= Beginning of Section =

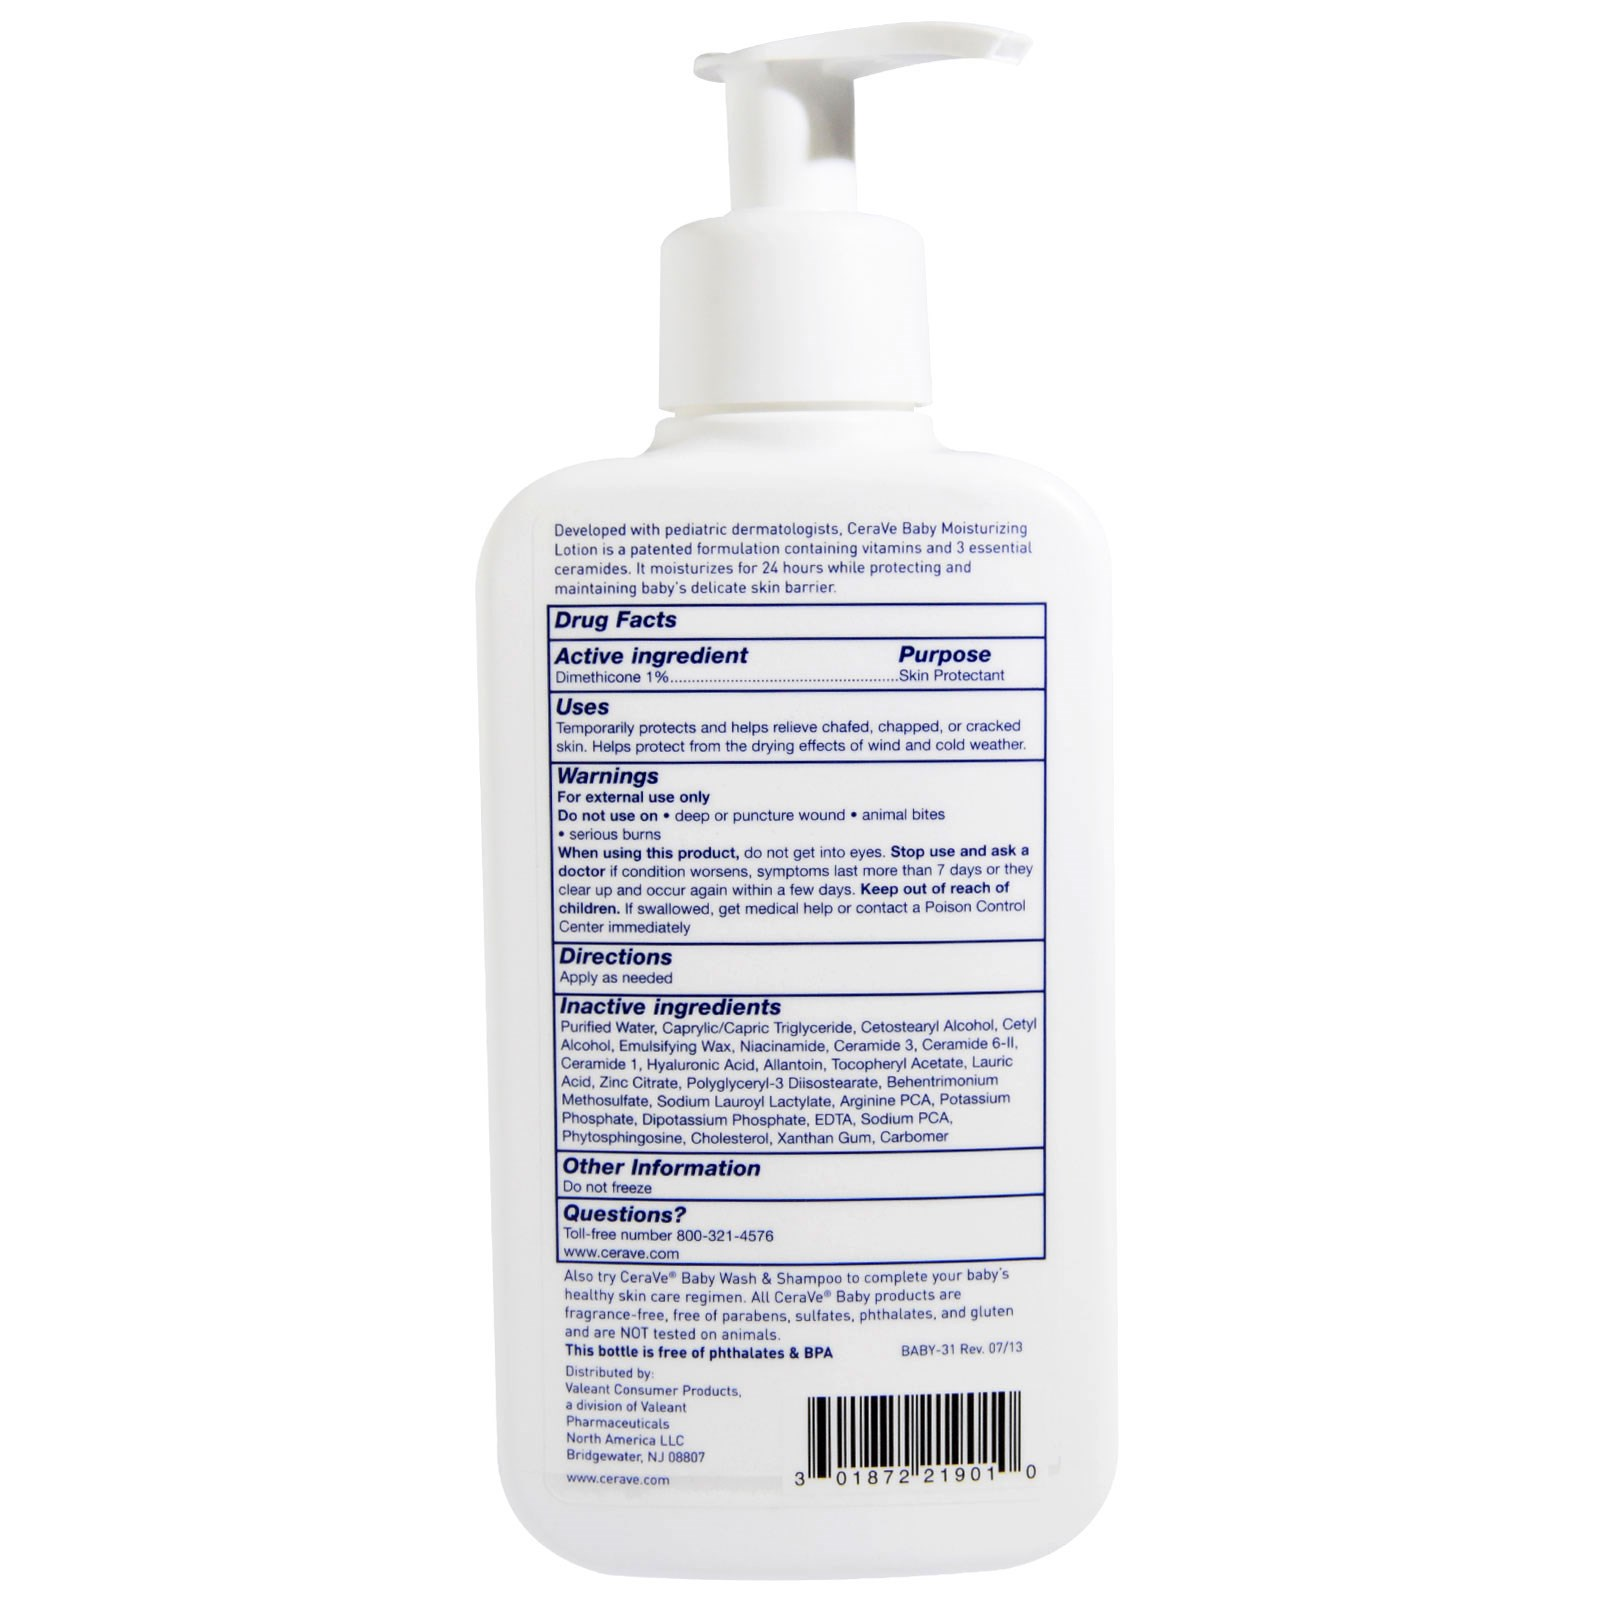 CeraVe. 嬰兒保濕乳液。8盎司(237ml) - iHerb.com
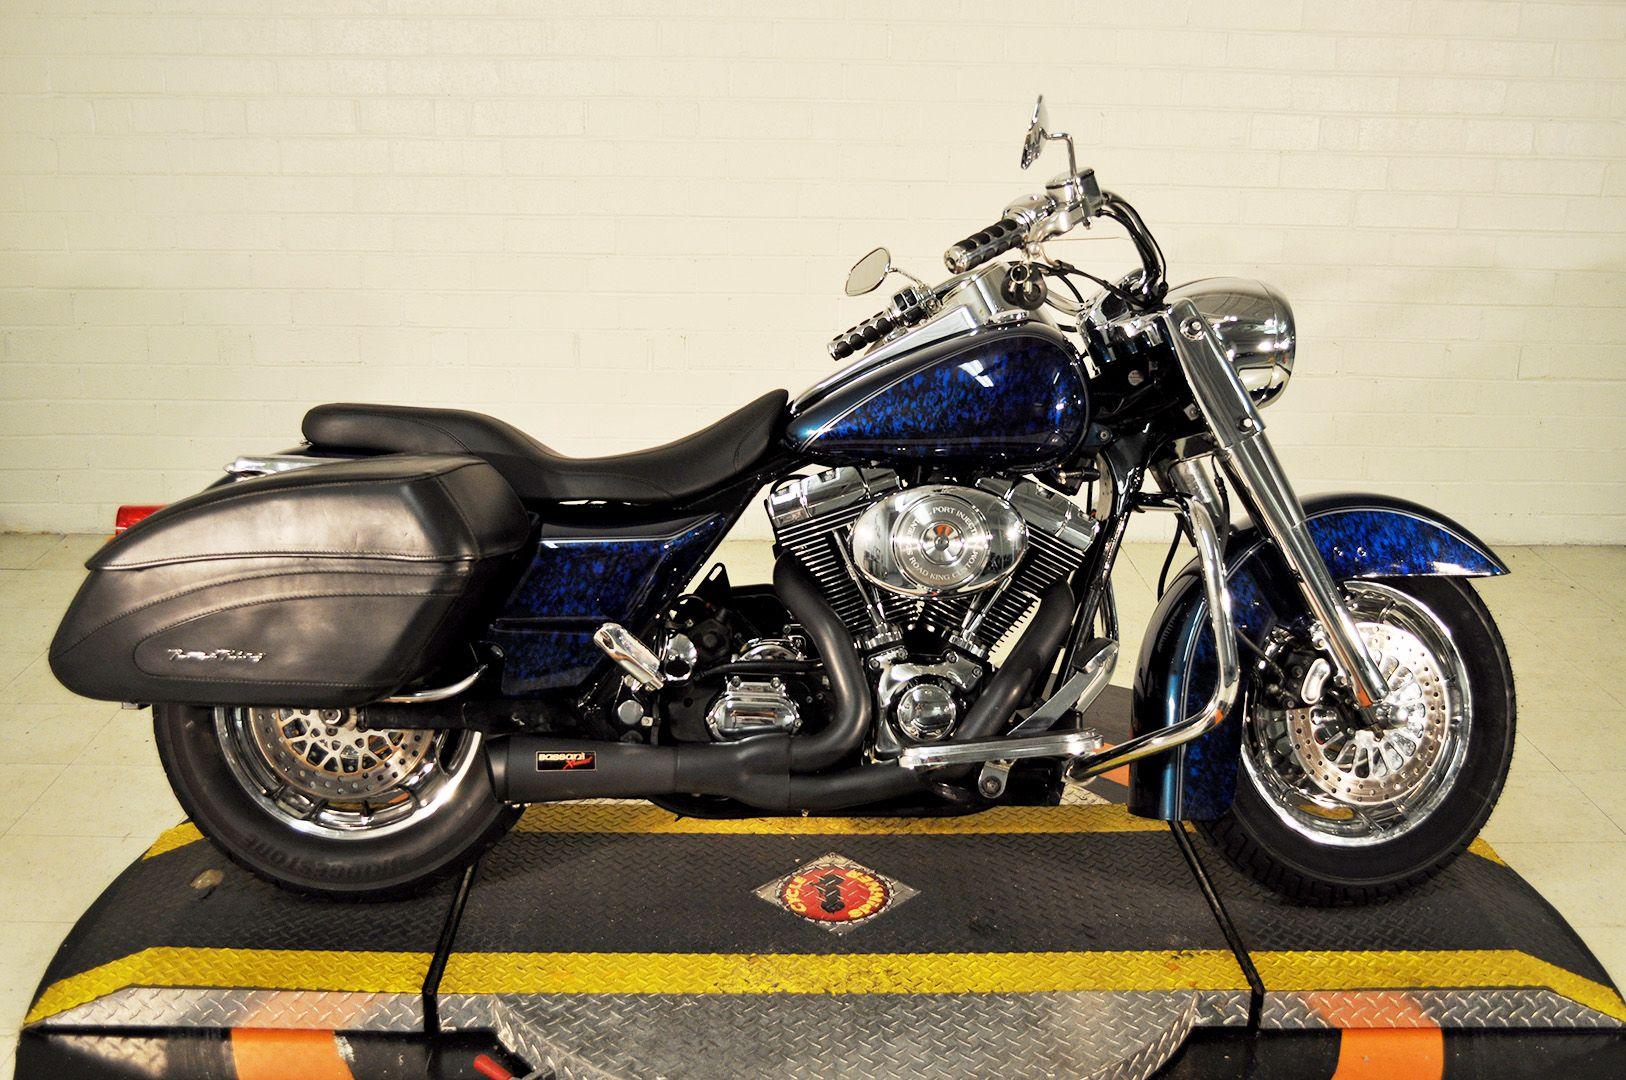 Pre Owned 2004 Harley Davidson Road King Custom In Winston Salem Tn730681 Smokin Harley Davidson
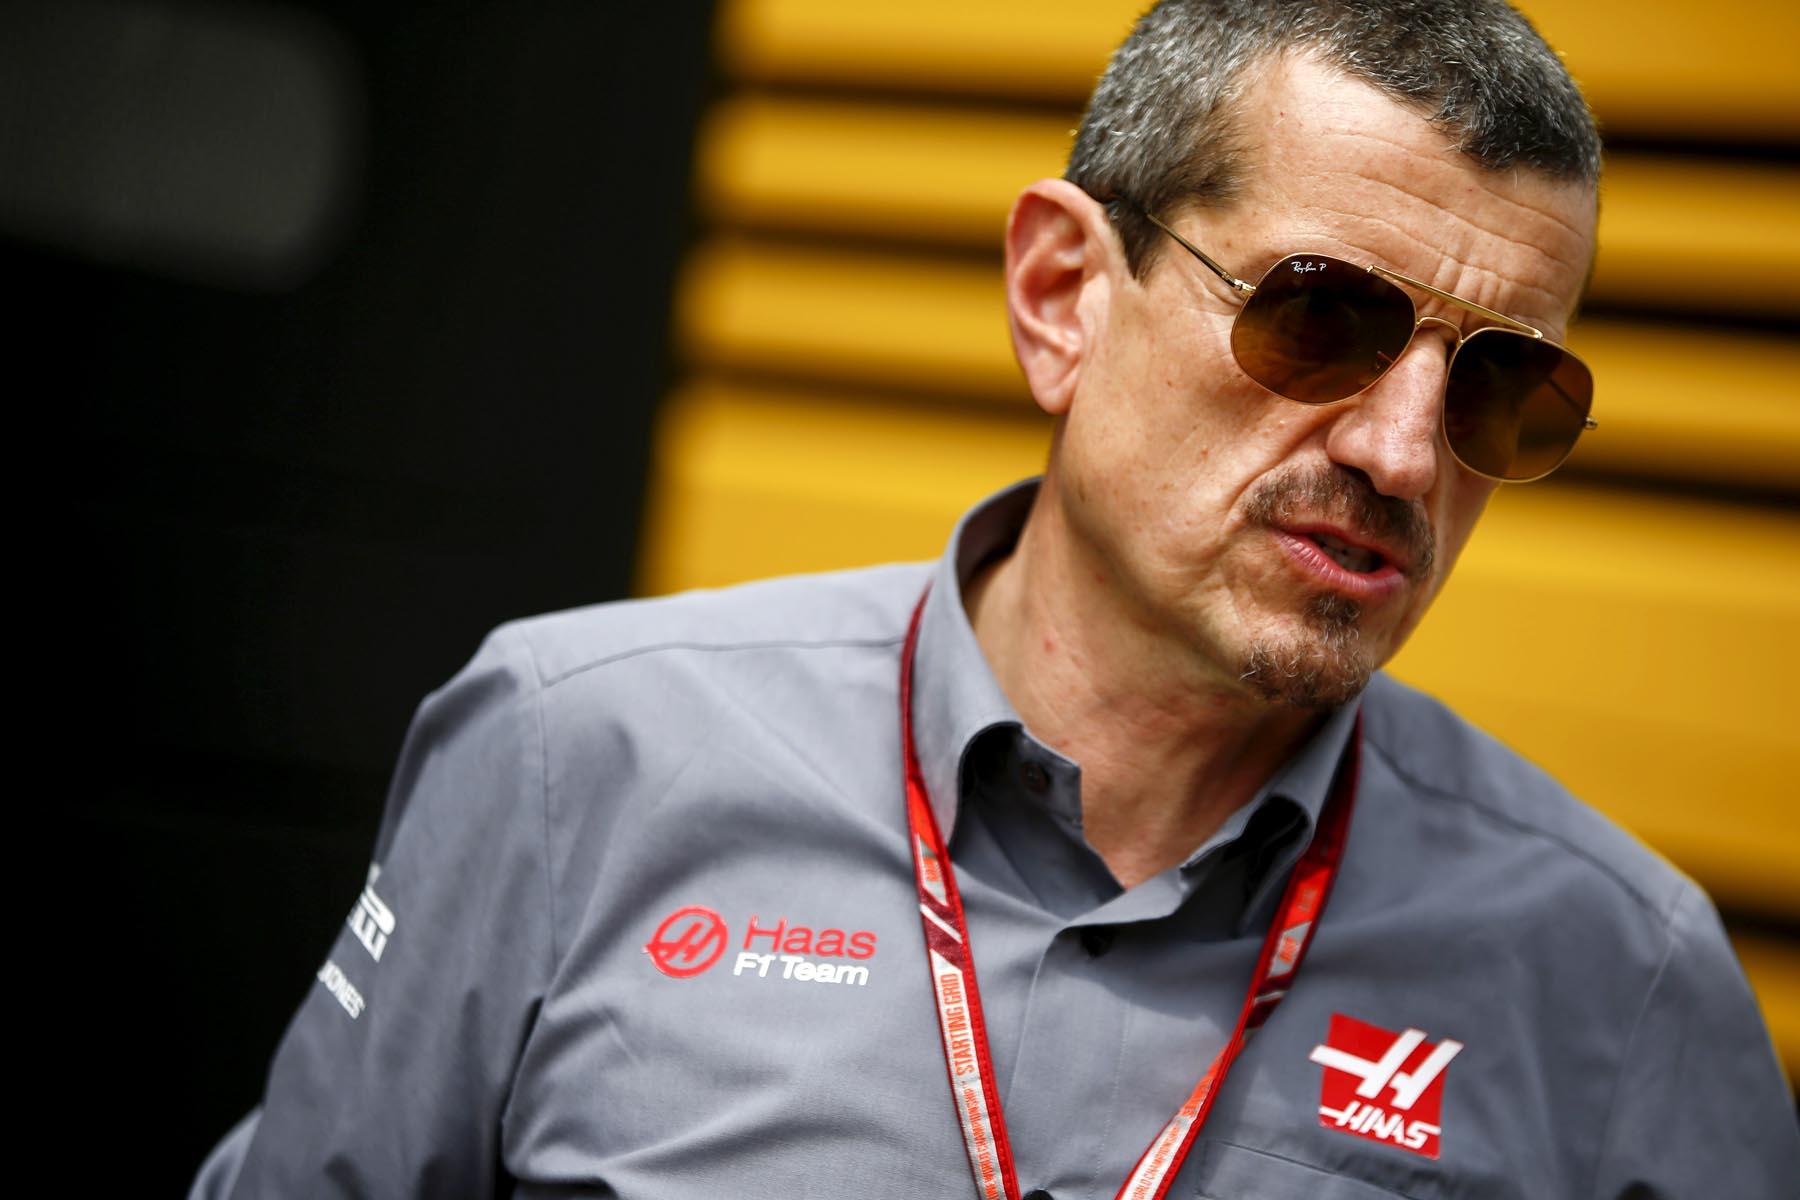 Haas principal Gunther Steiner

= End of Section =

_WORK TO COMPLETE_.
Return the material exactly as given above, picture-free.

_OUTPUT BELOW_.
 CeraVe. 嬰兒保濕乳液。8盎司(237ml) - iHerb.com
 Pre Owned 2004 Harley Davidson Road King Custom In Winston Salem Tn730681 Smokin Harley Davidson
 Haas principal Gunther Steiner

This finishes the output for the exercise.